Mundt answered 28/1, 2016 at 15:40 Comment(7)
While wiki type questions and answering your own is perfectly fine here, it should be something not asked before. Still thinking if I should close or not. on one hand answer is high quality. On other hand, that should be an answer on the dupe.Mulcahy
Or this dupeMulcahy
Decided not to close it single handedly because I am uncertain. If it was not a close hammer, I would have voted to close though. Let the community decide if they think it is a dupe or not.Mulcahy
@Mulcahy Sorry, my problem wasn't "how to sample" (as in the other questions) but "is this algorithm right?". The algorithm is often proposed without references / details and the answers always generate a lot of questions about correctness, bias... Perhaps other users (like me) get confused about that. I tried to clarify some points.Mundt
@manilio The top answer in the dupe thread explains that exactly, with the reference to knuth as well.Mulcahy
@Mulcahy ...that's a similar but different algorithm (algorithm S vs algorithm R) described in the same paragraph of the book.Mundt
Let us continue this discussion in chat.Mundt
M
16

The algorithm is absolutely correct.

It's not the sudden invention of a good poster, it's a well known technique called Selection sampling / Algorithm S (discovered by Fan, Muller and Rezucha (1) and independently by Jones (2) in 1962), well described in TAOCP - Volume 2 - Seminumerical Algorithms - § 3.4.2.

As Knuth says:

This algorithm may appear to be unreliable at first glance and, in fact, to be incorrect. But a careful analysis shows that it is completely trustworthy.

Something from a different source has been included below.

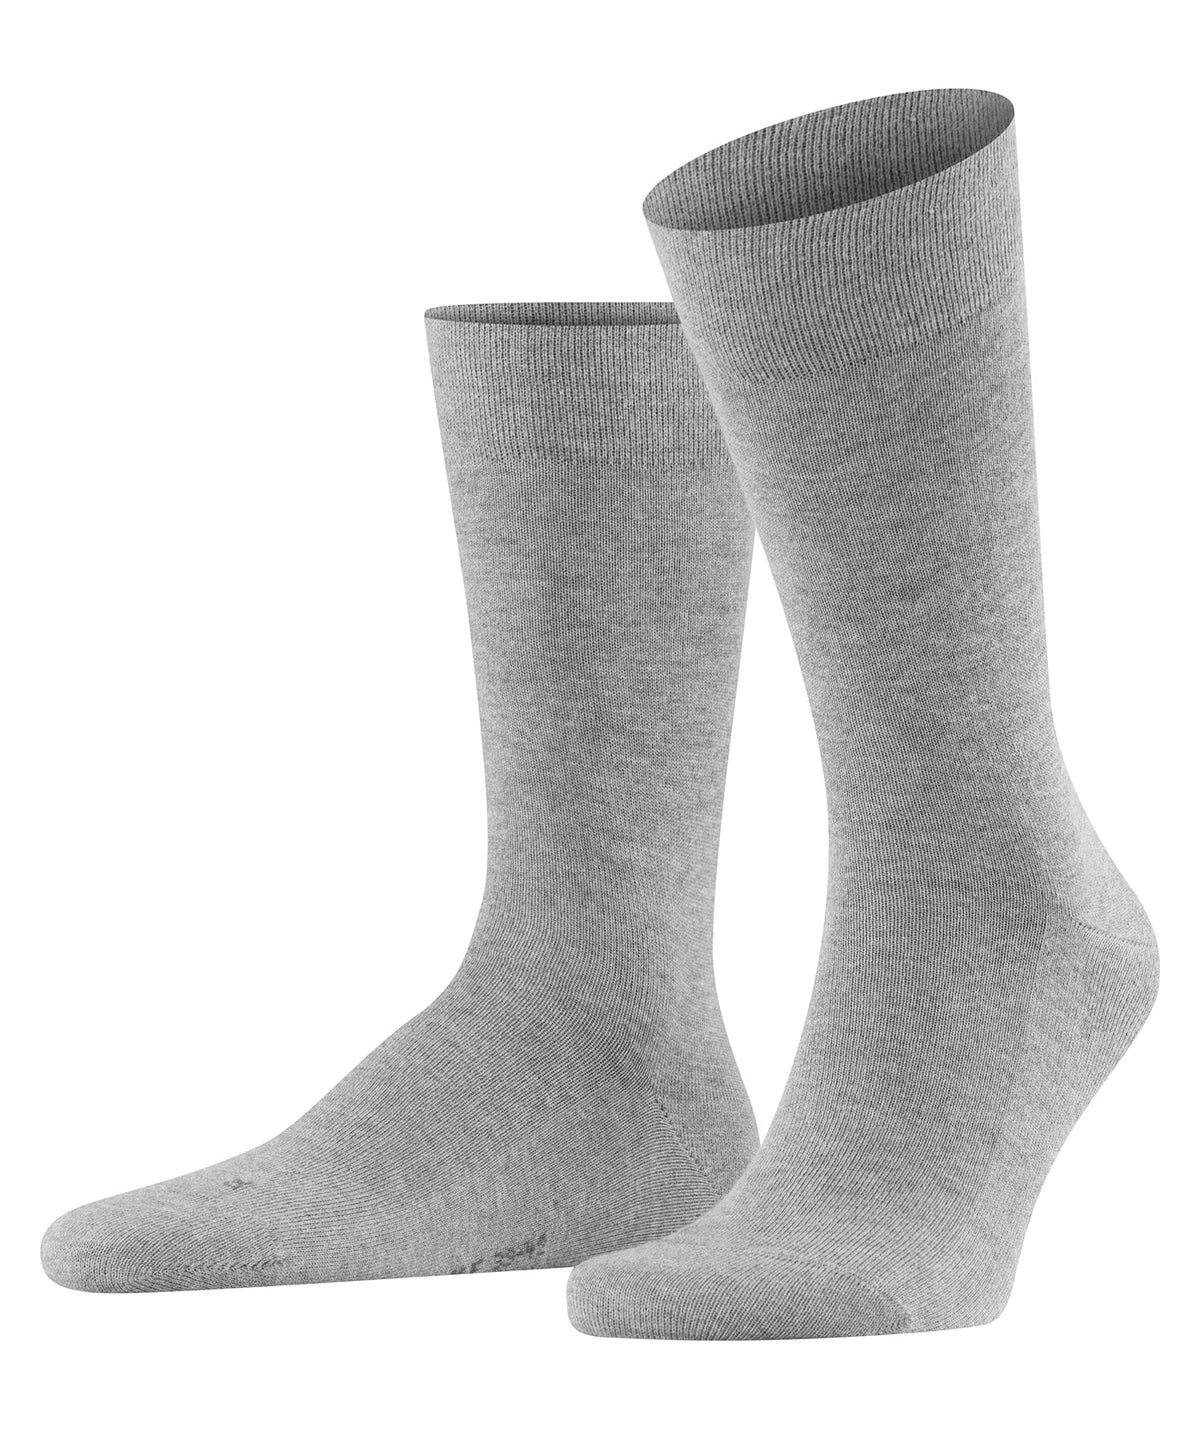 Falke Non Binding Socks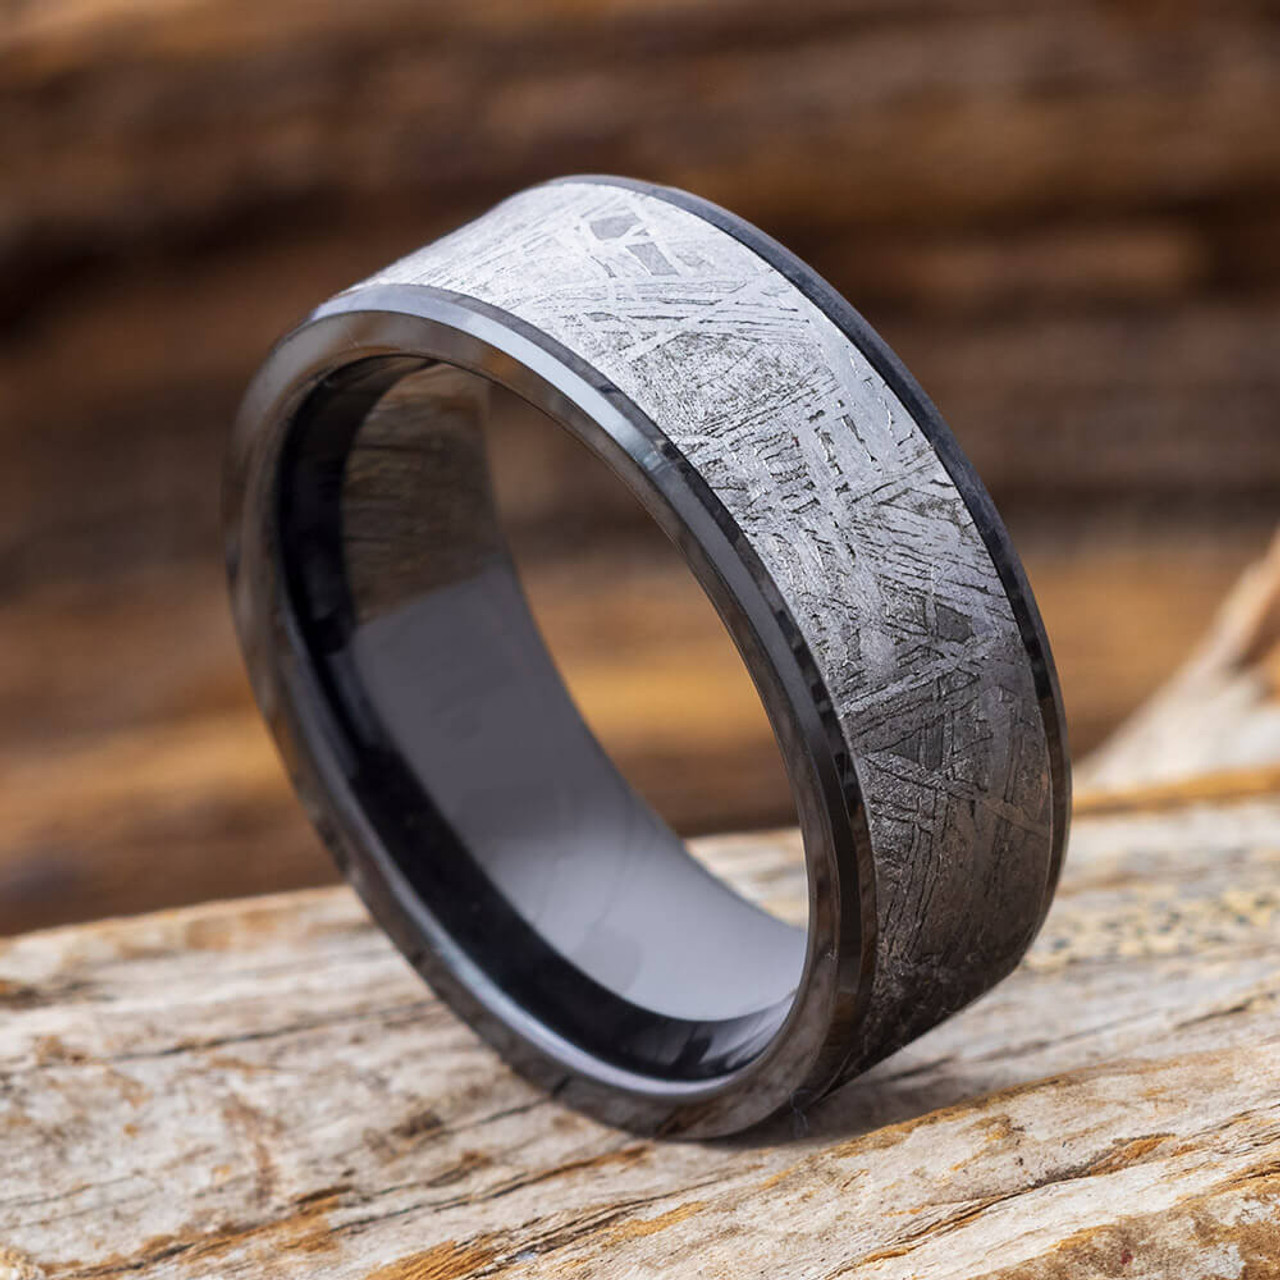 Meteorite and Cobalt Chrome Wedding Ring — Unique Titanium Wedding Rings

The algorithm samples n elements from a set of size N and the t + 1st element is chosen with probability (n - m) / (N - t), when already m elements have been chosen.

It's easy to see that we never run off the end of the set before choosing n items (as the probability will be 1 when we have k elements to choose from the remaining k elements).

Also we never pick too many elements (the probability will be 0 as soon n == m).

It's a bit harder to demonstrate that the sample is completely unbiased, but it's

... true in spite of the fact that we are not selecting the t + 1st item with probability n / N. This has caused some confusion in the published literature

(so not just on Stackoverflow!)

The fact is we should not confuse conditional and unconditional probabilities:

For example consider the second element; if the first element was selected in the sample (this happen with probability n / N), the second element is selected with probability (n - 1) / (N - 1); if the first element was not selected, the second element is selected with probability n / (N - 1).

The overall probability of selecting the second element is (n / N) ((n - 1) / (N - 1)) + (1 - n/N)(n / (N - 1)) = n/N.

TAOCP - Vol 2 - Section 3.4.2 exercise 3

Apart from theoretical considerations, Algorithm S (and algorithm R / reservoir sampling) is used in many well known libraries (e.g. SGI's original STL implementation, std::experimental::sample, random.sample in Python...).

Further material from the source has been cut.